Chaque épisode de 30 minutes - tous tournés ce printemps - amènera les téléspectateurs dans une communauté francophone distincte de l'est à l'ouest du pays, de Whitehorse à Charlottetown en passant par Edmonton, Meteghan en Nouvelle-­Écosse ou Varennes. Dans chaque ville visitée, un artiste local accueillera non seulement l'équipe de Prise de son, mais également deux autres artistes émergents provenant de deux autres provinces. 

« On apprendra à les connaître et à comprendre dans quel environnement chacun évolue, parce que ce n'est pas la même chose d'être francophone à Granby, à Moncton ou à Kapuskasing, dans le nord de l'Ontario, par exemple », souligne Jean-François Breau.

Dans le premier épisode diffusé à Radio-Canada ce dimanche à 14 h, on se rendra à Bourget, un village de l'est de l'Ontario, rencontrer Gabrielle Goulet en compagnie d'Émile Bilodeau - qu'on connaît bien pour l'avoir vu au Festival de la chanson, en 2014 - et de Jérémie Brémault, du Manitoba.

« Les trois artistes ont, pendant 48 h, travaillé à fusionner leurs univers respectifs pour monter 10 chansons de leurs répertoires en y incluant un peu du style de chacun », explique l'animateur, qui met également la main à la pâte comme chanteur et musicien, tout comme Éloi Painchaud.

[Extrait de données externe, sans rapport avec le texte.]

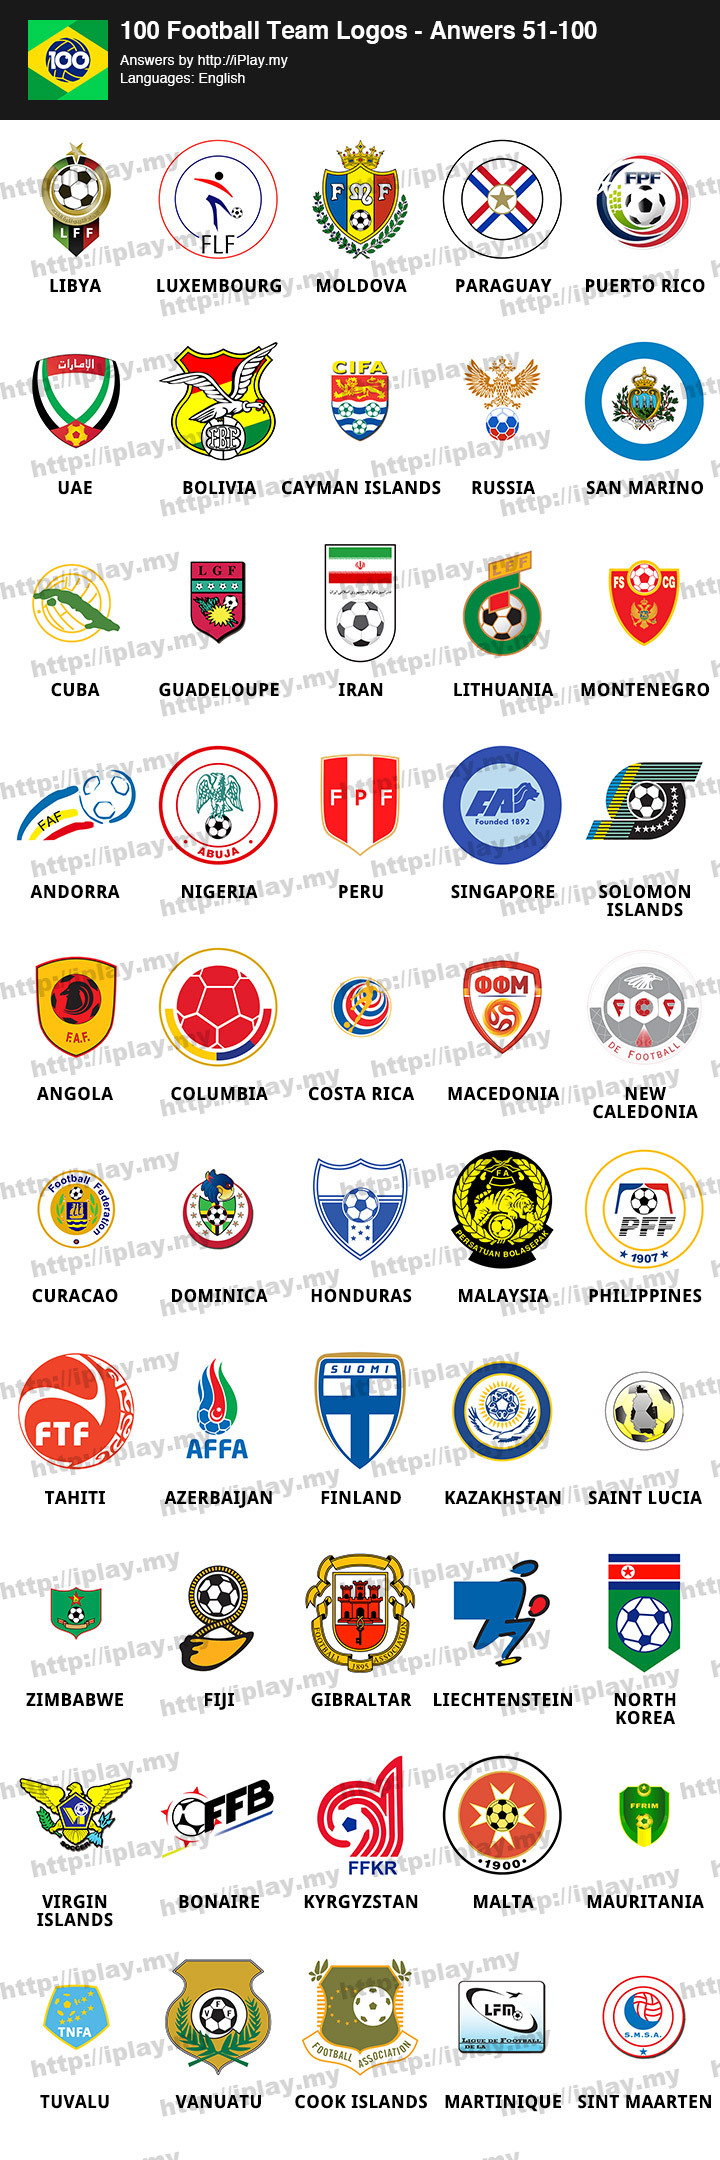 100-Football-Team-Logos-Answers-51-100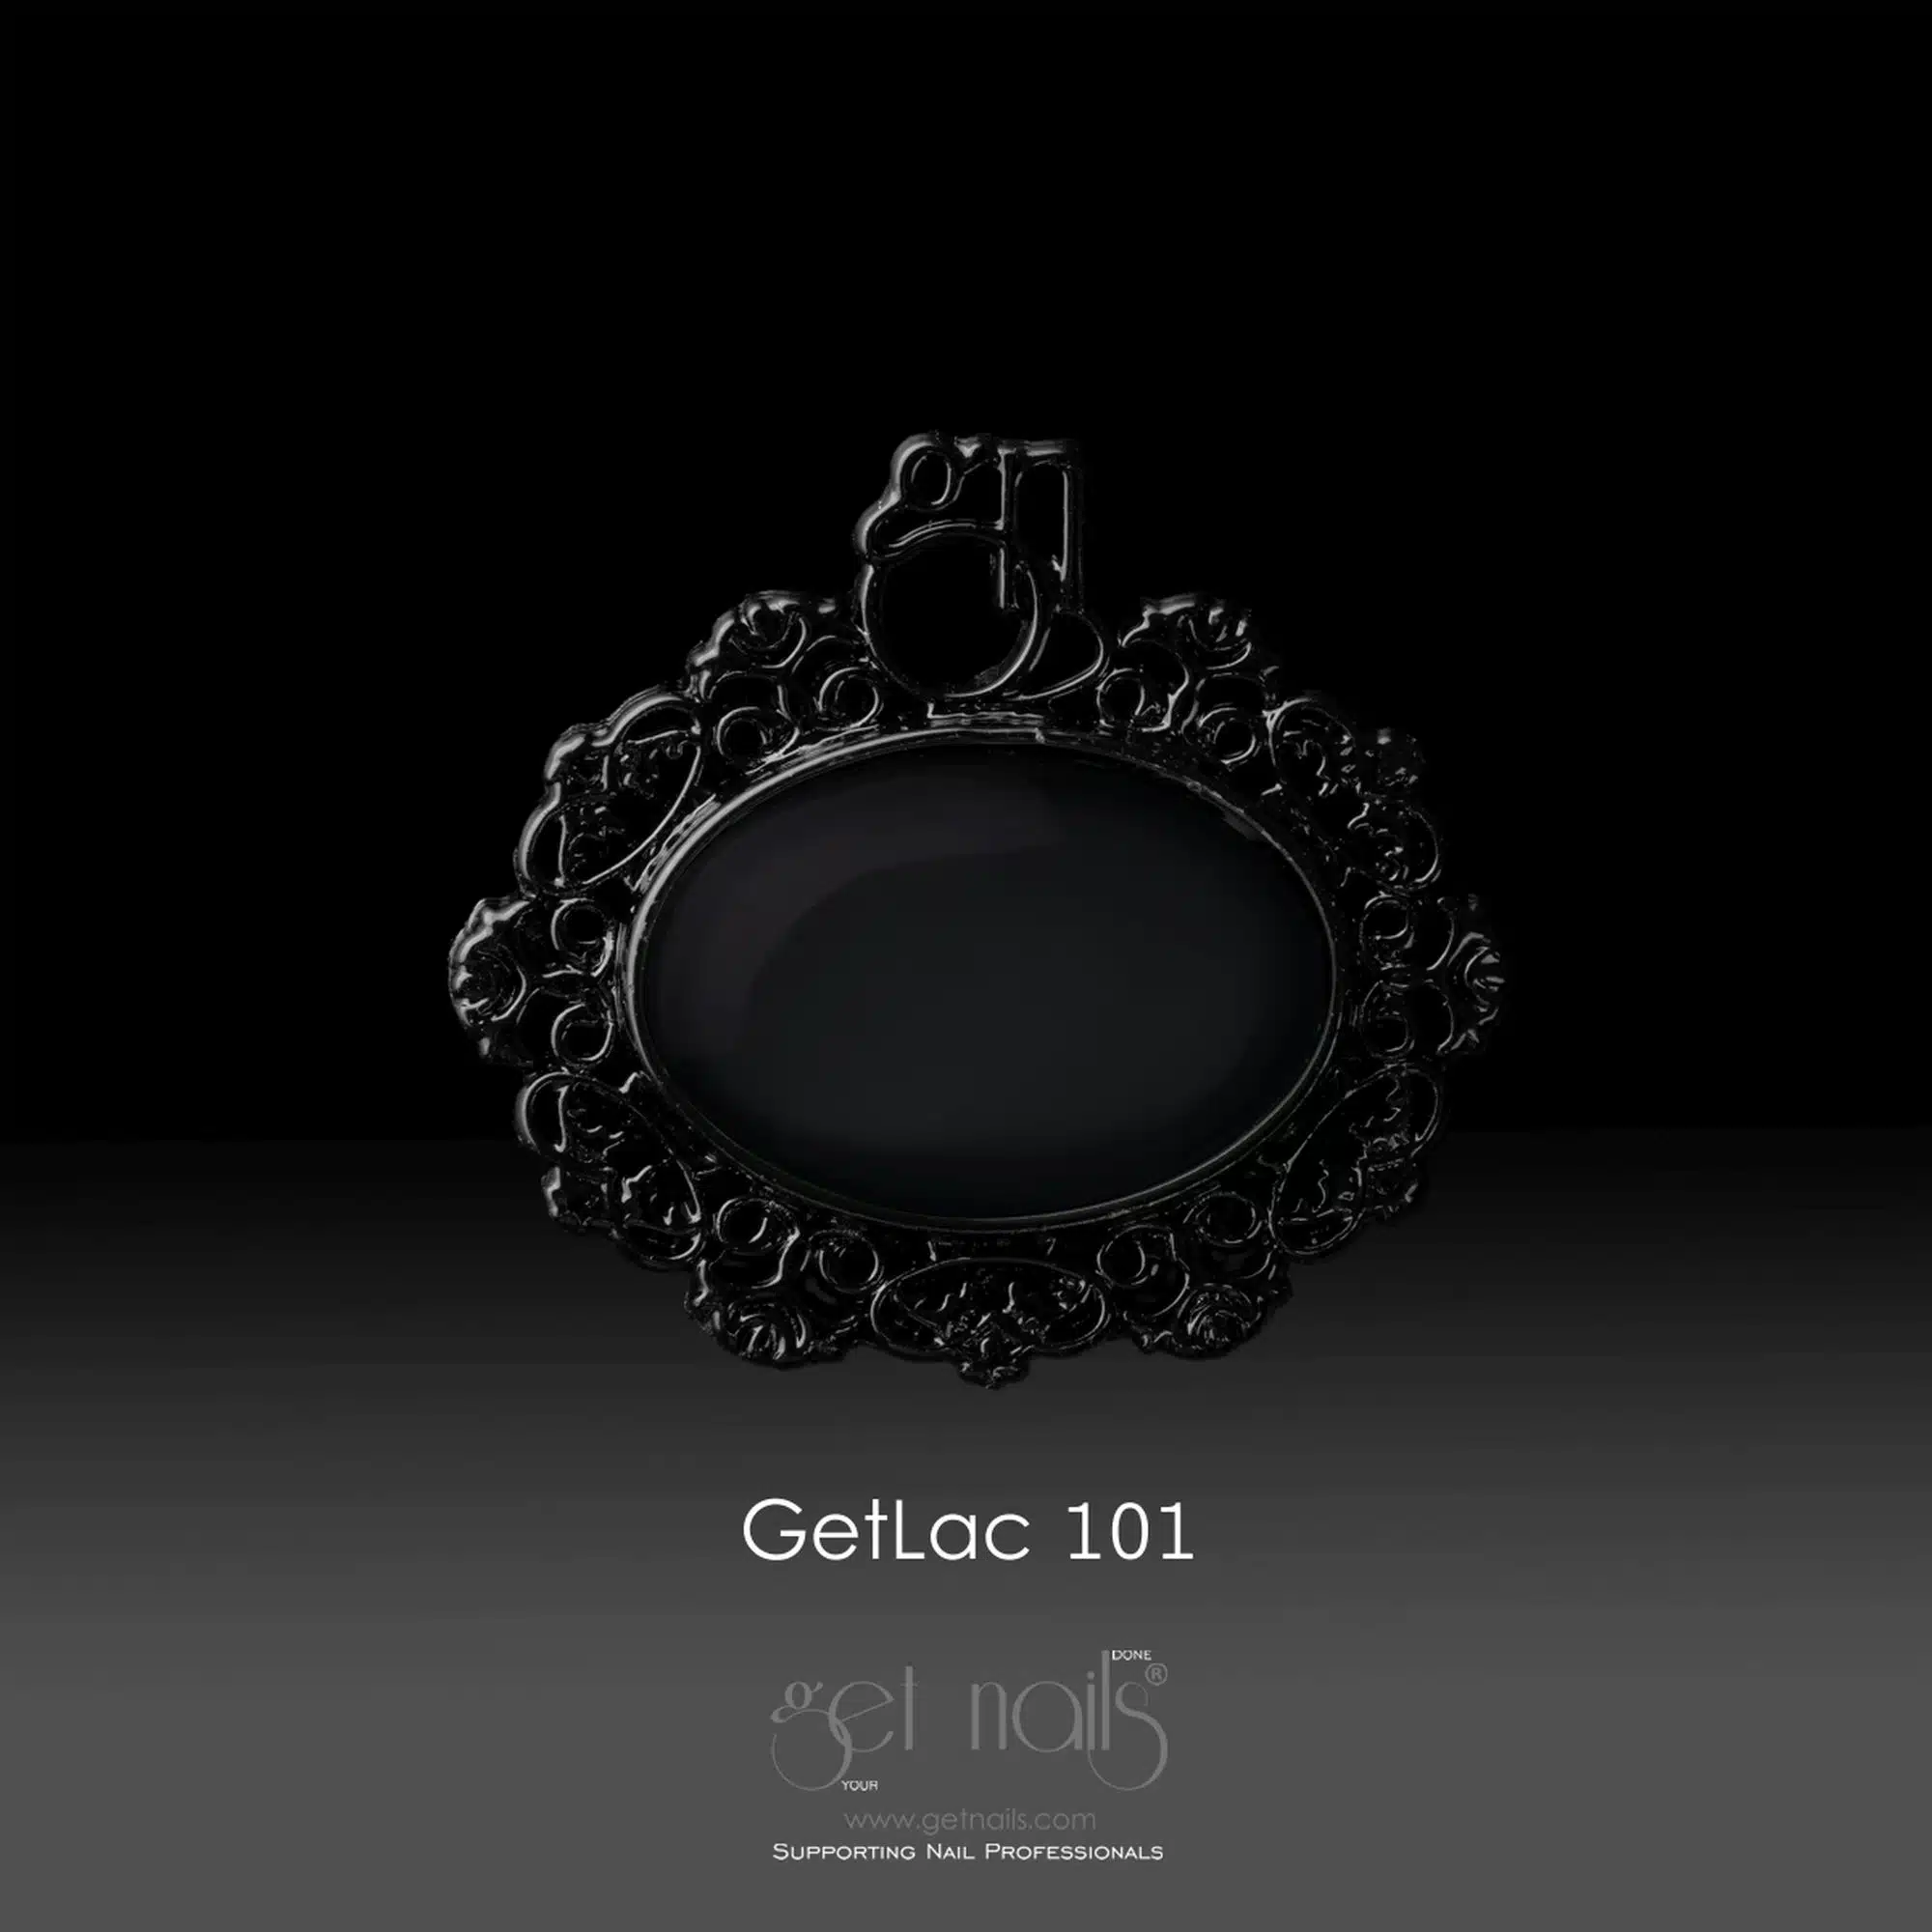 Get Nails Austria - GetLac 101 Черный 15г

À la télévision, le format de 30 minutes de l'émission contraint à n'en montrer que quatre, mais les prestations complètes peuvent être vues et entendues à l'adresse suivante : ici.radio-canada.ca/tele/prise-de-­son/2017-2018. Des entrevues exclusives, des photos et des capsules vidéo y sont également disponibles.

À cela s'ajoute une heure de contenu chaque dimanche, dès 19 h, sur les ondes radio d'ICI Radio-Canada­ Première­. Un premier épisode « pilote » avait d'ailleurs été diffusé uniquement sur ces deux plateformes le dimanche 25 juin. Joey Robin Haché avait accueilli à Moncton­ Mehdi Cayenne et Samuele.

Effervescence et vitalité

Prise de son s'inscrit dans la foulée des célébrations du 150e anniversaire du Canada. « Le but, c'est de démontrer que le français au pays jouit d'une vitalité, d'une effervescence qu'on ne soupçonne pas. Partout où je suis allé, j'ai rencontré des francophones et des francophiles branchés, et je trouve ça très encourageant », indique Jean-François Breau.

Il admet qu'il est parti lui-même avec l'idée préconçue que le berceau de la francophonie au Canada se trouvait au Québec. « Mais j'ai vite compris que ce n'est pas ça du tout. Partout, il y a des gens qui vivent, qui choisissent de vivre en français. J'ai dû faire une sérieuse mise au point dans mon cerveau, surtout dans l'Ouest », reconnaît-il.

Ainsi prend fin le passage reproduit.